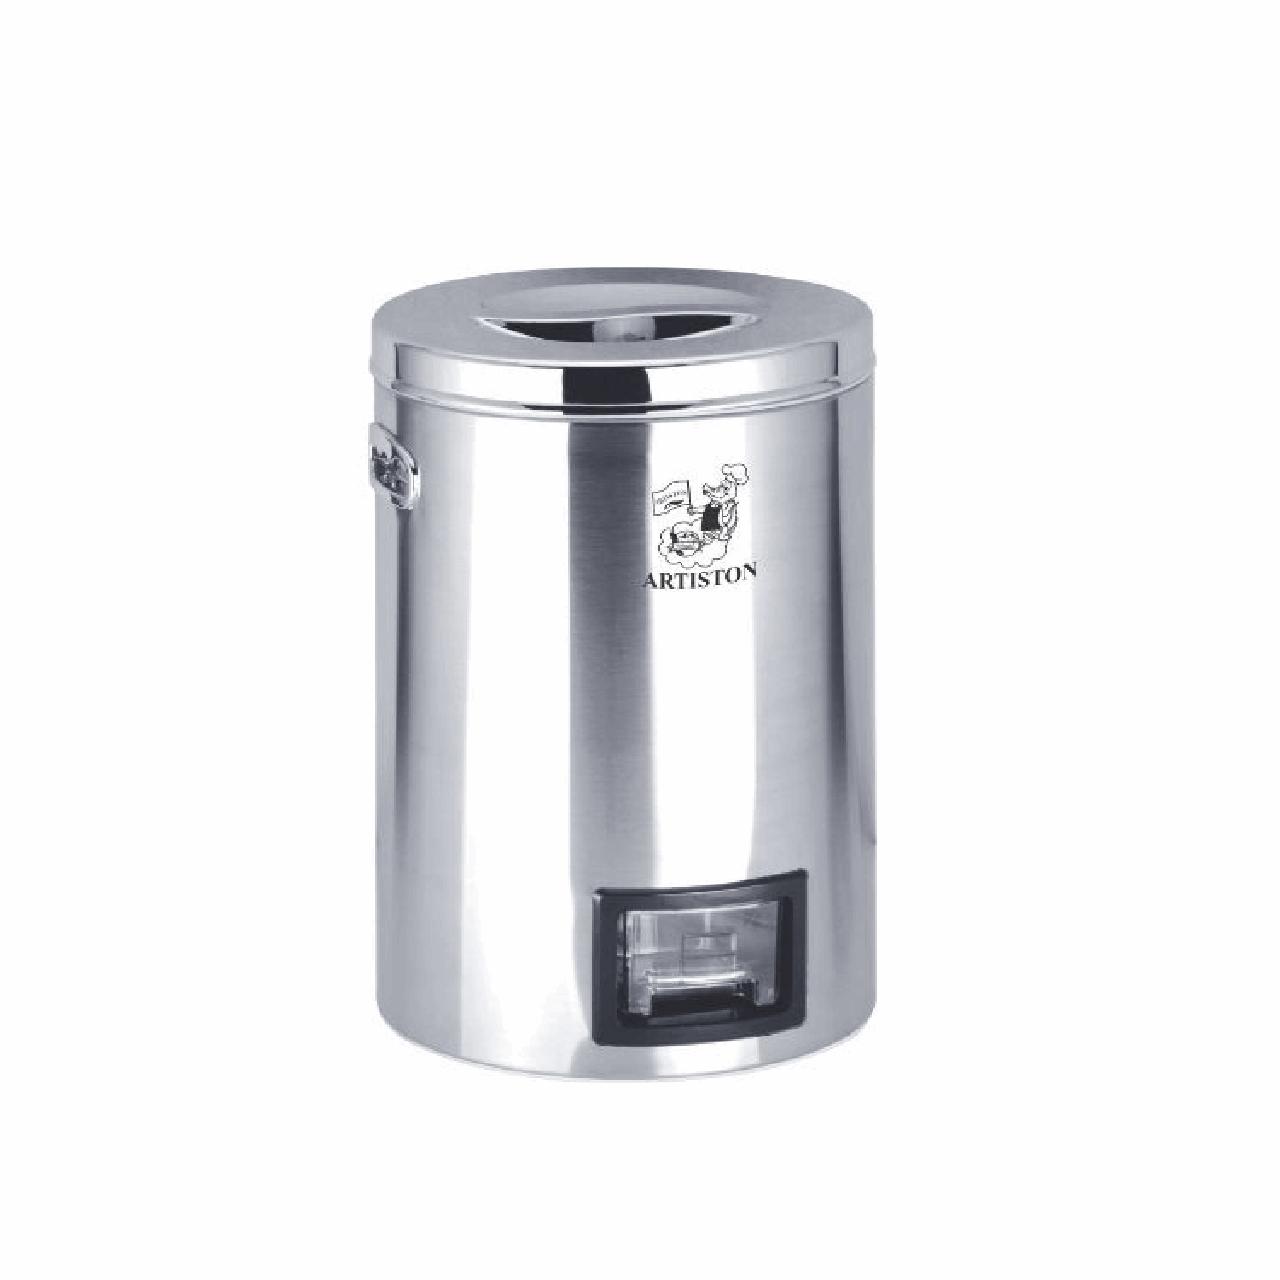 سطل برنج استیل  پیمانه دار آرتیستون مدل 008 گنجایش 10 کیلوگرم
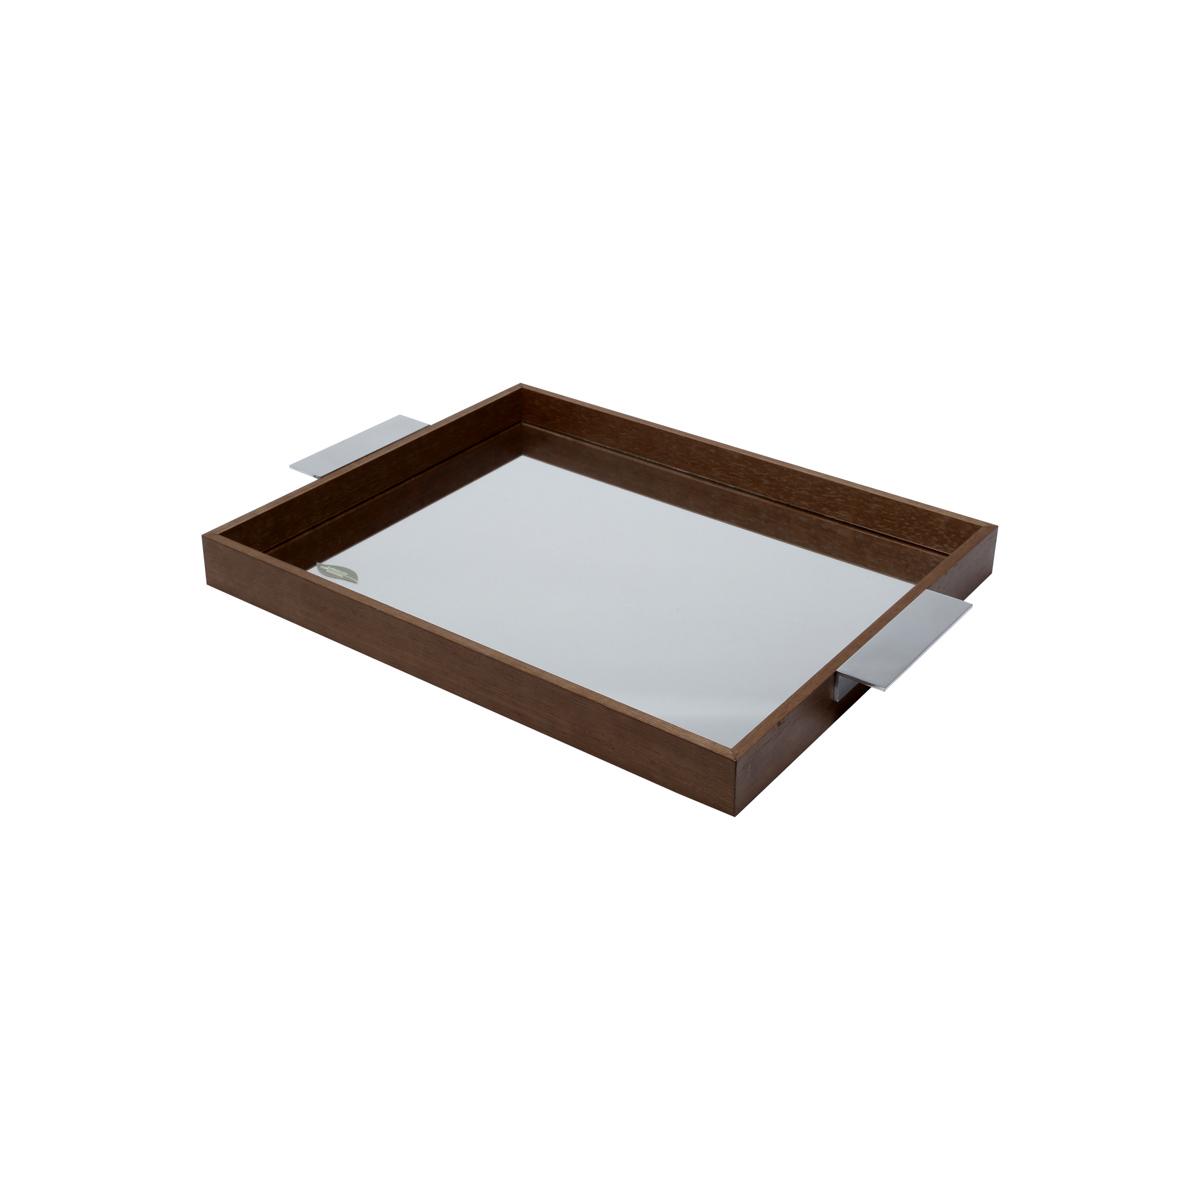 Bandeja Madeira C/ Espelho Naturals 40X30X5 cm
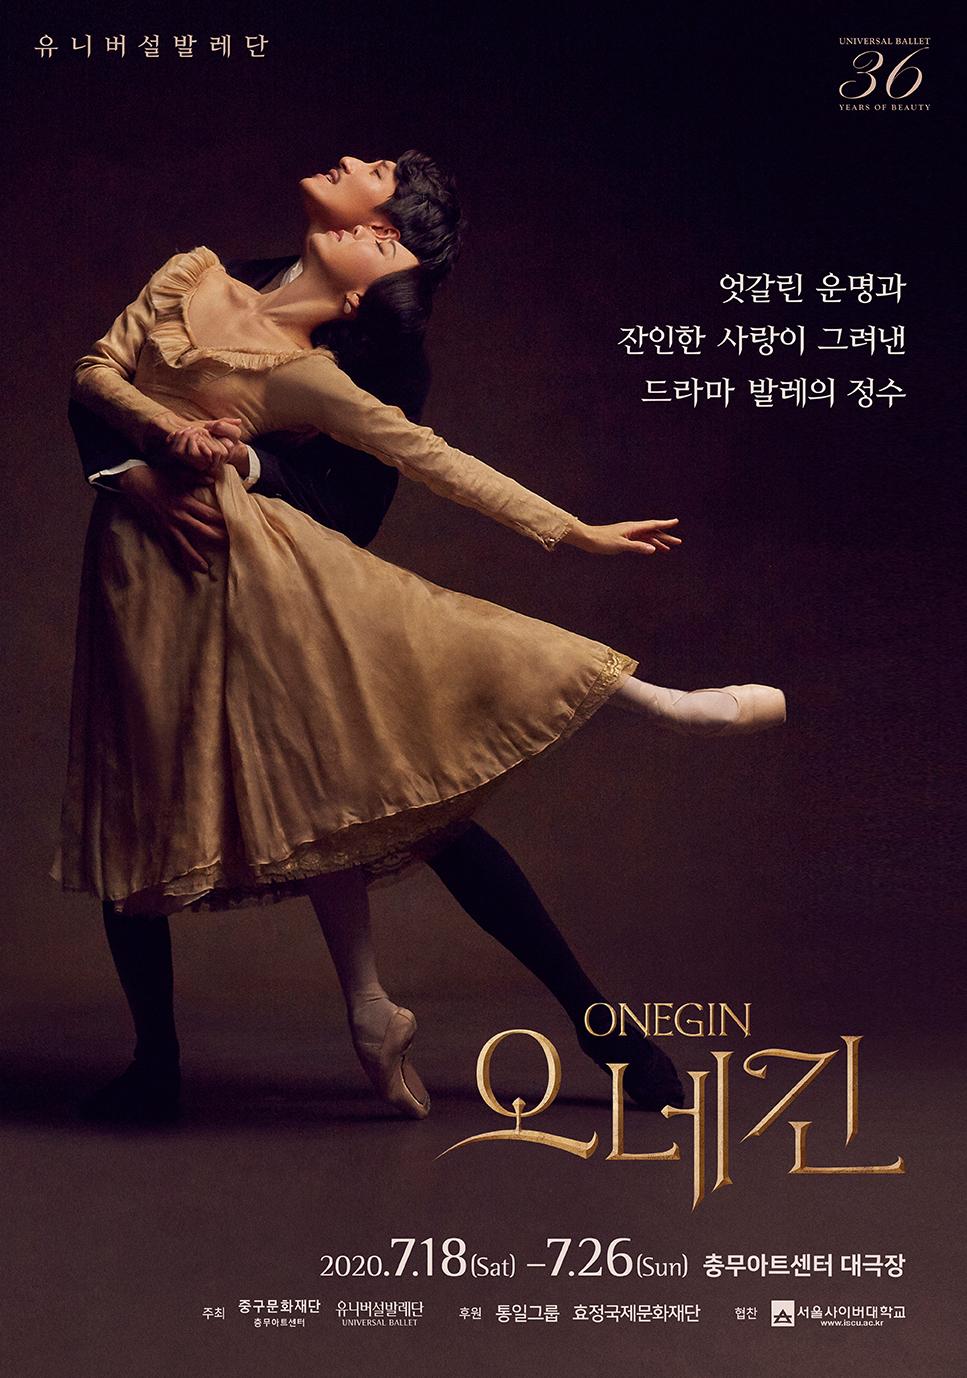 유니버설발레단, 두 남녀의 엇갈린 사랑을 그린 발레 <오네긴> 3년 만에 무대에
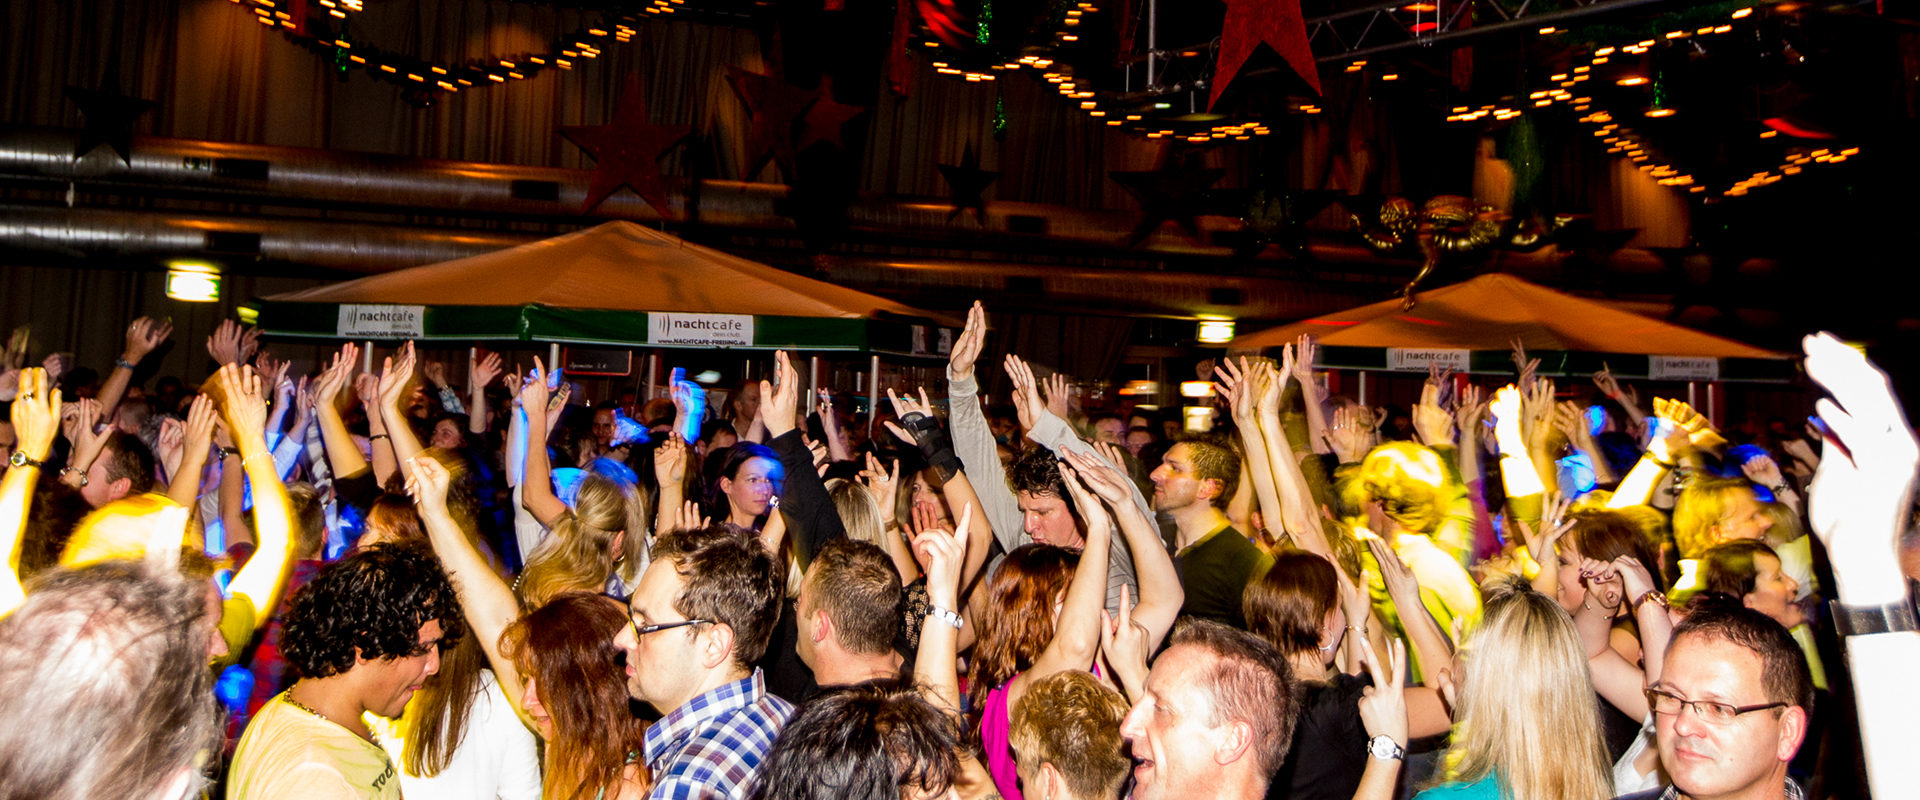 UE30-Party-Freising-Teaser-3

Aim of the task: Once the pictures are removed, output the remaining material exactly.

Result below:
 سطل برنج استیل  پیمانه دار آرتیستون مدل 008 گنجایش 10 کیلوگرم
 Bandeja Madeira C/ Espelho Naturals 40X30X5 cm
 유니버설발레단, 두 남녀의 엇갈린 사랑을 그린 발레 <오네긴> 3년 만에 무대에
 UE30-Party-Freising-Teaser-3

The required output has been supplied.